Returns a HashRef of the structured text from from page number $pdf_page_no of the PDF file $pdf_filename.

See the function get_mutool_text_stext_raw for details on the structure of this data.

get_mutool_page_info_raw

get_mutool_page_info_raw($pdf_filename)

Returns an XML string of the page bounding boxes of PDF file $pdf_filename.

The data is in the form:

<document>
  <page pagenum="1">
    <MediaBox l="0" b="0" r="531" t="666" />
    <CropBox l="0" b="0" r="531" t="666" />
    <Rotate v="0" />
  </page>
  <page pagenum="2">
    ...
  </page>
</document>

get_mutool_page_info_xml

get_mutool_page_info_xml($pdf_filename)

Returns a HashRef containing the page bounding boxes of PDF file $pdf_filename.

See function get_mutool_page_info_raw for information on the structure of the data.

get_mutool_outline_simple

fun get_mutool_outline_simple($pdf_filename)

Returns an array of the outline of the PDF file $pdf_filename as an ArrayRef[HashRef] which corresponds to the items attribute of Renard::Incunabula::Outline.

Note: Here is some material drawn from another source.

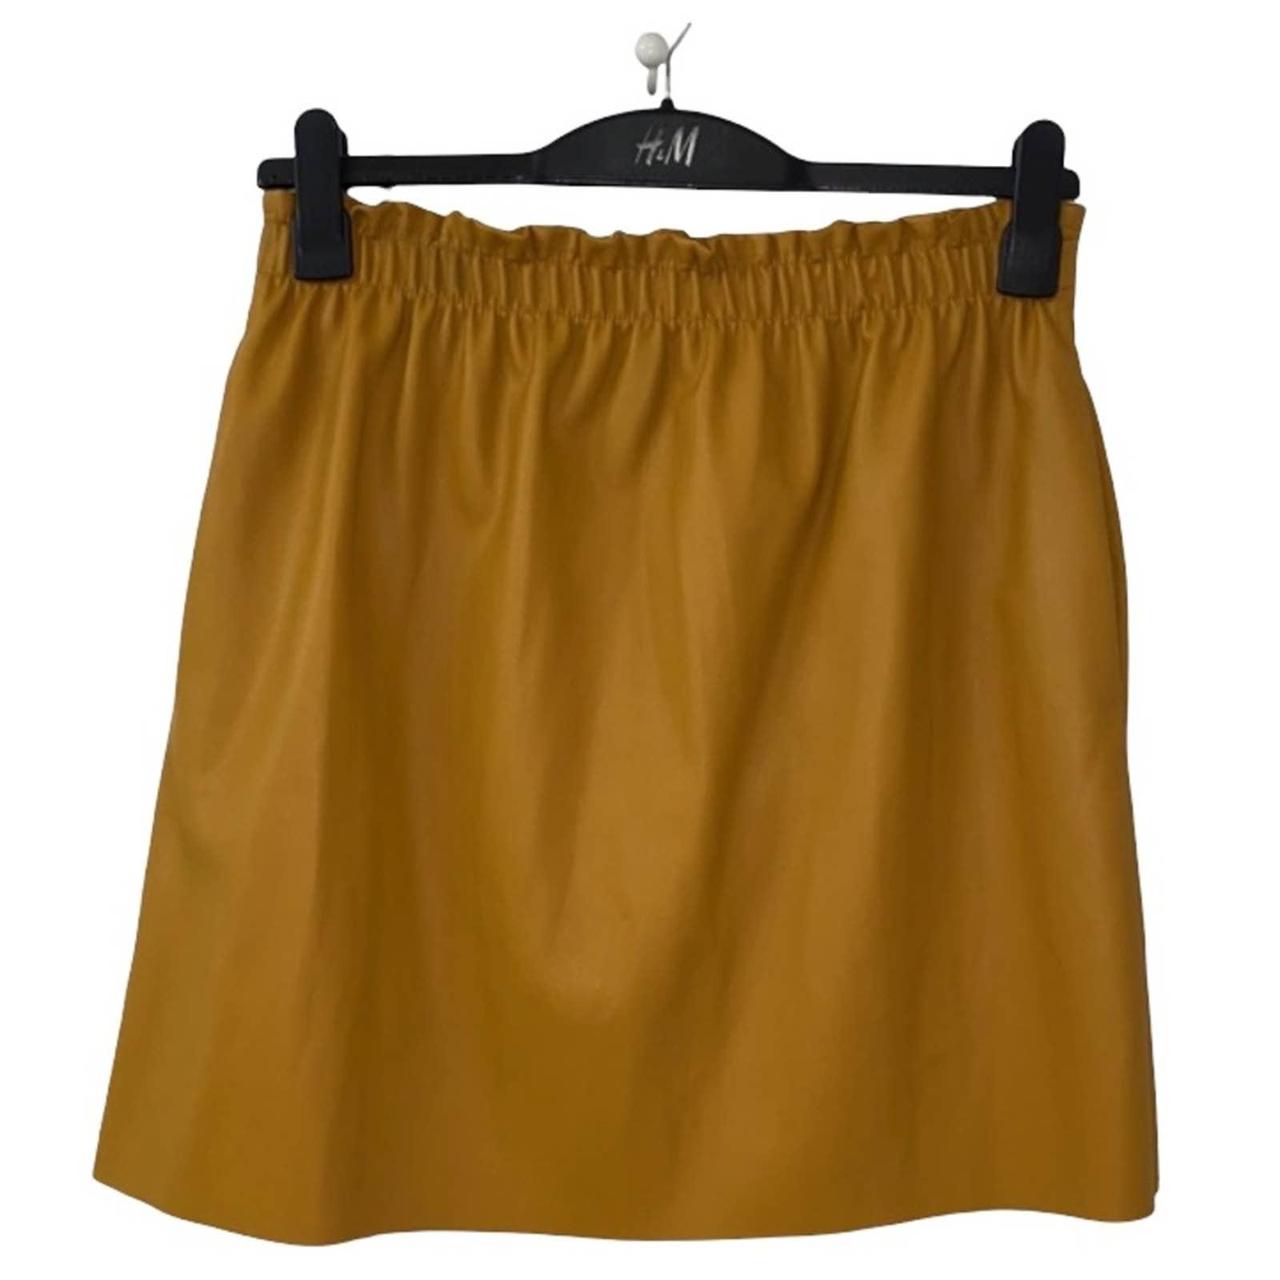 Zara Women's Yellow Skirt

get_mutool_get_trailer_raw

fun get_mutool_get_trailer_raw($pdf_filename)

Returns the trailer of the PDF file $pdf_filename as a string.

get_mutool_get_object_raw

fun get_mutool_get_object_raw($pdf_filename, $object_id)

Returns the object given by the ID $object_id for PDF file $pdf_filename as a string.

get_mutool_get_info_object_parsed

fun get_mutool_get_info_object_parsed( $pdf_filename )

Returns the document information dictionary as a Renard::API::MuPDF::mutool::ObjectParser object.

See Table 10.2 on pg. 844 of the PDF Reference, version 1.7 to see the entries that usually used (e.g., Title, Author).

SEE ALSO

Repository information

AUTHOR

Project Renard

COPYRIGHT AND LICENSE

This software is copyright (c) 2017 by Project Renard.

This is free software; you can redistribute it and/or modify it under the same terms as the Perl 5 programming language system itself.